A compartmental model consisting of the circulation, a general interstitium, and the lymphatics, is formulated to describe the transport and distribution of fluid and plasma proteins (albumin) in the human microvascular exchange system. Transcapillary mass exchange is assumed to occur via a coupled Starling mechanism. Unknown or poorly quantified model parameters are estimated by statistical fitting of simulation predictions to five different sets of experimental data. The data consist of steady-state and transient plasma and interstitial volumes and colloid osmotic pressures measured under laboratory or clinical conditions for normal humans and for patients with nephrotic syndrome or mild heart disease. In all cases, it is assumed that the system response to perturbations imposed either artificially or through illness is due to changes in the Starling driving forces. The three best-fit parameters were found to be normal capillary hydrostatic pressure, Pc,o = 11.0 mm Hg; albumin reflection coefficient, sigma = 0.99; and lymph flow sensitivity, LS = 43.1 ml/mm Hg.hr. Three other parameters, which were unknown but related to the estimated parameters through steady-state mass balance equations, were determined to be fluid filtration coefficient, KF = 121.1 ml/mm Hg.hr; albumin permeability-surface area product, PS = 73.0 ml/hr; and normal lymph flow, JL,o = 75.7 ml/hr. The fully described model was validated by comparisons between (1) simulation predictions and data used in parameter estimation, (2) estimated transport parameters and available literature values, and (3) model predictions and an additional set of experimental data.

Transport of fluid and solutes in the body I. Formulation of a mathematical model.

A compartmental model of short-term whole body fluid, protein, and ion distribution and transport is formulated.
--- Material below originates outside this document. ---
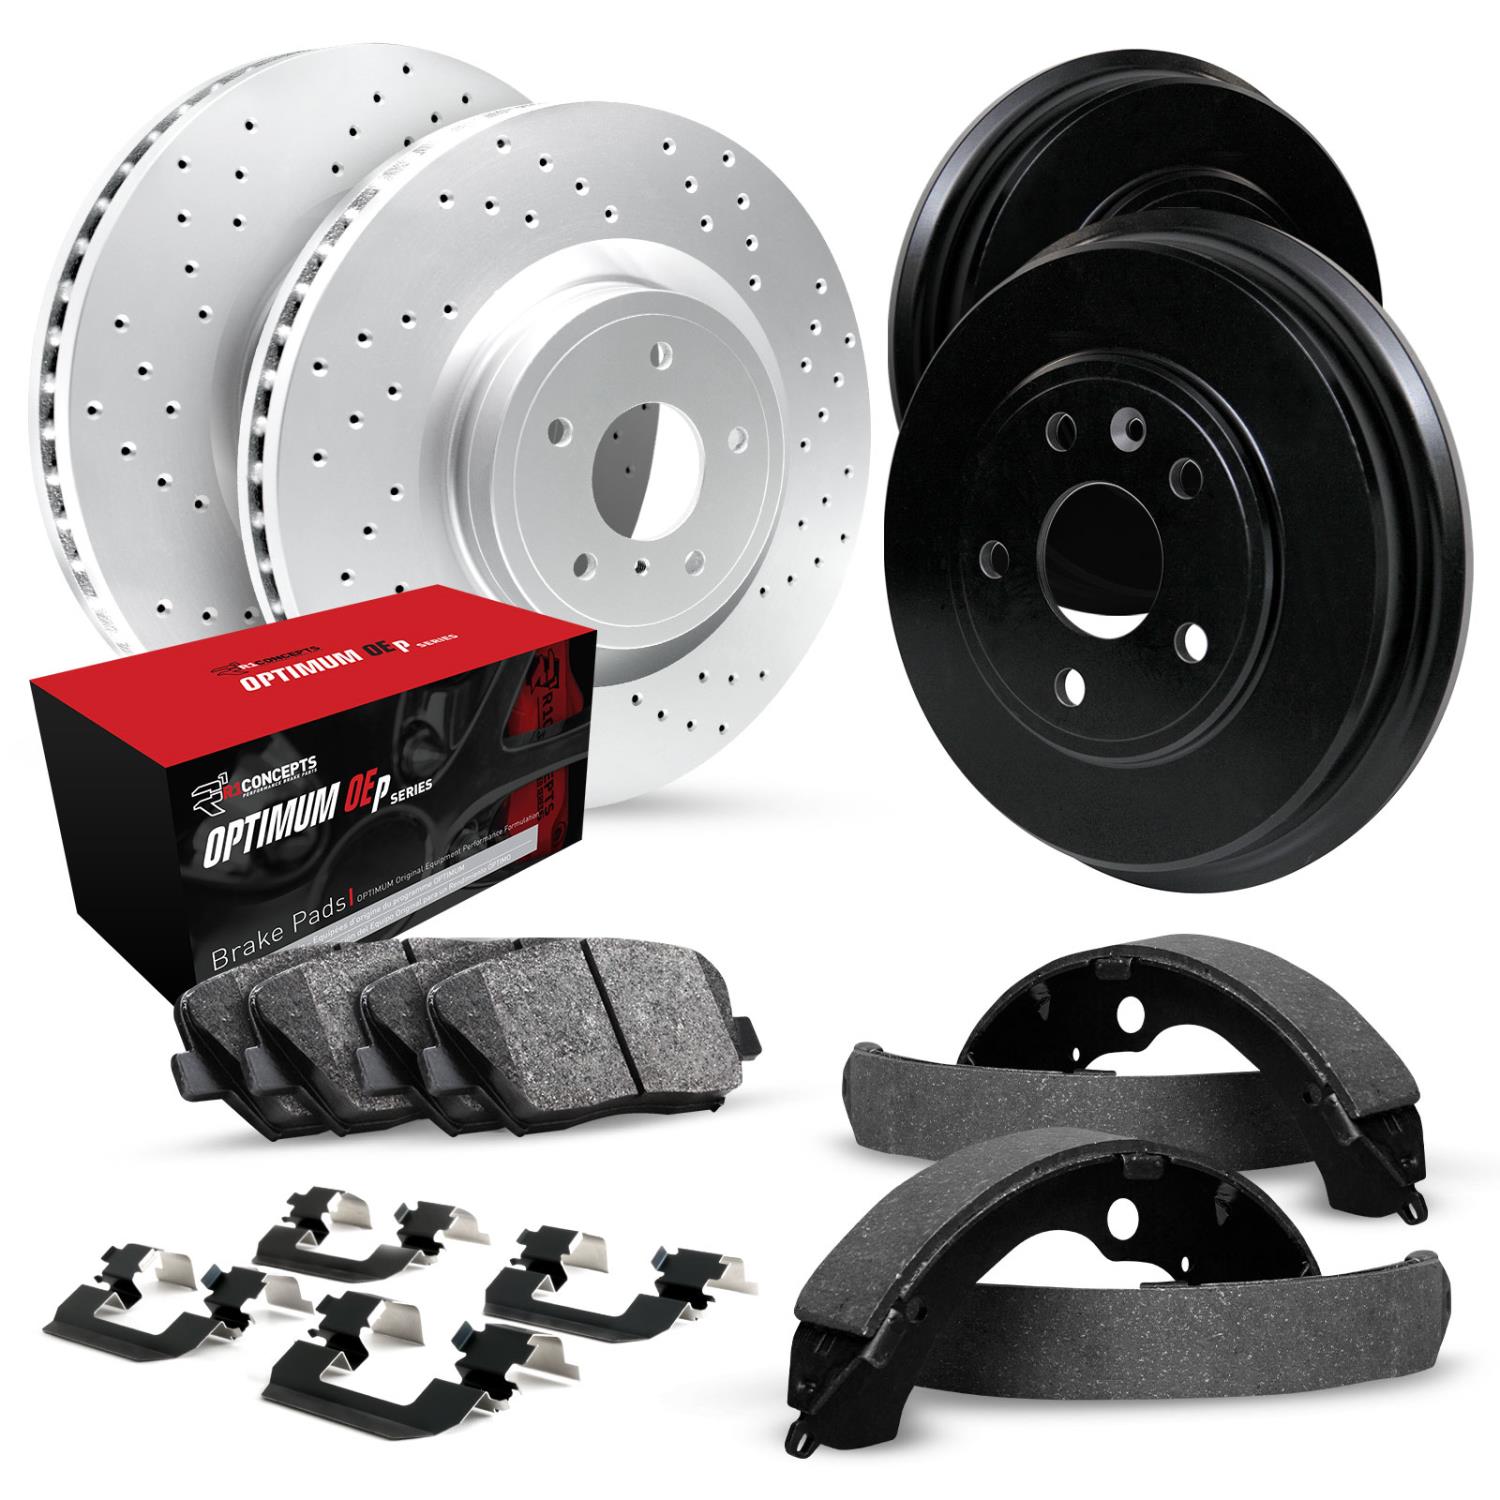 GEO-Carbon Drilled Brake Rotor & Drum Set w/Optimum OE Pads, Shoes, & Hardware, 1994-1997 GM, Position: Front & Rear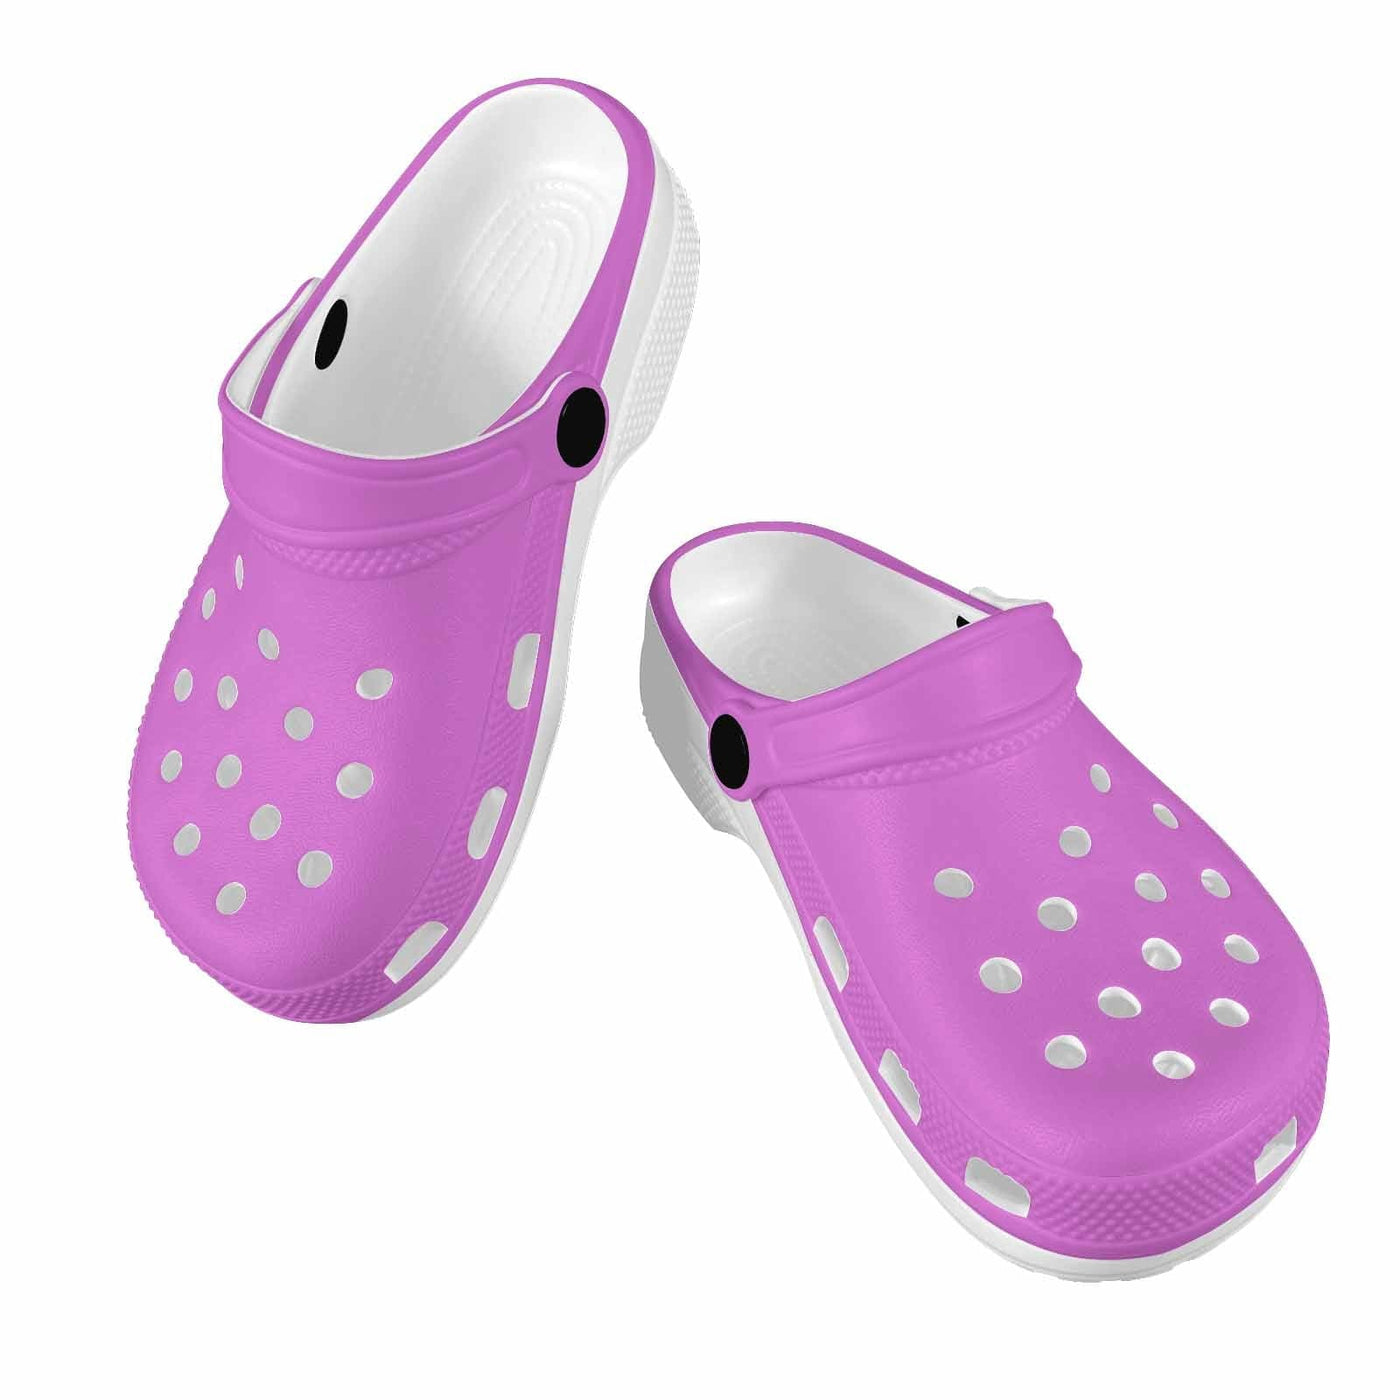 Orchid Purple Clogs For Youth - Unisex | Clogs | Youth

The model comprises four compartments: a vascular and an interstitial compartment, each with an embedded cellular compartment. The present paper discusses the assumptions on which the model is based and describes the equations that make up the model. Fluid and protein transport parameters from a previously validated model as well as ionic exchange parameters from the literature or from statistical estimation [see companion paper: C. C. Gyenge, B. D. Bowen, R. K. Reed, and J. L. Bert. Am. J. Physiol. 277 (Heart Circ. Physiol. 46): H1228-H1240, 1999] are used in formulating the model. The dynamic model has the ability to simulate 1) transport across the capillary membrane of fluid, proteins, and small ions and their distribution between the vascular and interstitial compartments; 2) the changes in extracellular osmolarity; 3) the distribution and transport of water and ions associated with each of the cellular compartments; 4) the cellular transmembrane potential; and 5) the changes of volume in the four fluid compartments. The validation and testing of the proposed model against available experimental data are presented in the companion paper.

Transport of fluid and solutes in the body II. Model validation and implications.

A mathematical model of short-term whole body fluid, protein, and ion distribution and transport developed earlier [see companion paper: C. C. Gyenge, B. D. Bowen, R. K. Reed, and J. L. Bert. Am. J. Physiol. 277 (Heart Circ. Physiol. 46): H1215-H1227, 1999] is validated using experimental data available in the literature. The model was tested against data measured for the following three types of experimental infusions: 1) hyperosmolar saline solutions with an osmolarity in the range of 2,000-2,400 mosmol/l, 2) saline solutions with an osmolarity of approximately 270 mosmol/l and composition comparable with Ringer solution, and 3) an isosmotic NaCl solution with an osmolarity of approximately 300 mosmol/l. Good agreement between the model predictions and the experimental data was obtained with respect to the trends and magnitudes of fluid shifts between the intra- and extracellular compartments, extracellular ion and protein contents, and hematocrit values. The model is also able to yield information about inaccessible or difficult-to-measure system variables such as intracellular ion contents, cellular volumes, and fluid fluxes across the vascular capillary membrane, data that can be used to help interpret the behavior of the system.